Meyerriecks, widely regarded as an expert on network warfare and command and control, joined DISA in 1995. She previously worked as chief architect for the Army's Global Command and Control Office.

She recently discussed a major Defense Department initiative to replace the Global Command and Control System beginning in 2006, and has been heavily involved in the DOD's Net-Centric Enterprise Services initiative, the Teleport program and spectrum allocation.

Meyerriecks will work for America Online, a DISA spokeswoman said.

Air Force Lt. Gen. Harry Raduege, director of the Defense Information Systems Agency, will add two positions to his list of responsibilities. He has been tapped to command the Joint Task Force-Global Network Operations and to become deputy commander for global network operations and defense at the United States Strategic Command.

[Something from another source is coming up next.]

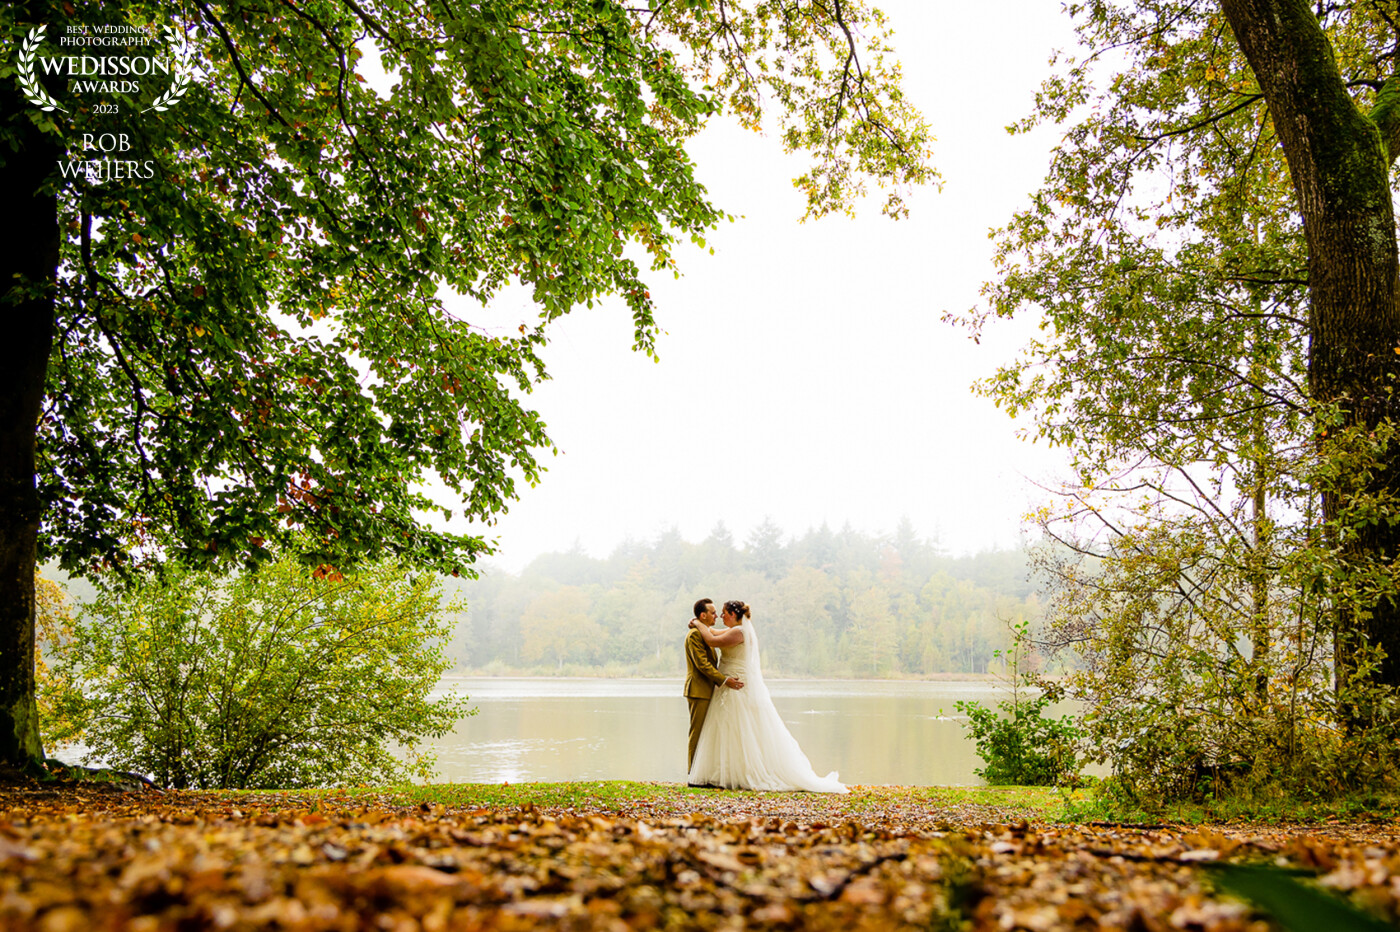 The shooting of this wedding reportage took place between the rain showers. But luckily the bride and groom were tough guys. This photo was one of the last to take. The autumn colors, the bit of fog and the water in the background made for a beautiful setting. Bridal couple in the middle and done!

Tad Anderson, currently Office of Management and Budget associate administrator for e-government and IT, will return to the private sector Aug. 6, as vice president of Dutko Government Markets at the Dutko Group Cos. Inc. of Washington.

Anderson joined OMB as an e-government project portfolio manager in March 2002 and has been associate administrator since November. He pushed for completion of the 25 Quicksilver projects as well as performing other IT management oversight duties.

Maj. Gen. Paul D. Nielsen will retire from the Air Force on Aug. 1 and take over as chief executive officer and director of Carnegie Mellon University's Software Engineering Institute in Pittsburgh.

Nielsen, 53, until recently was commander of the Air Force Research Laboratory at Wright-Patterson Air Force Base, Ohio, and the service's chief technology officer.

Rock Regan, who gained prominence during more than seven years as Connecticut's CIO, is resigning from state service effective Aug. 1. 'I've had a pretty good run,' Regan wrote last week in an e-mail message to members of the National Association of State Information Resource Executives. He was president of the group from September 2001 to September 2002.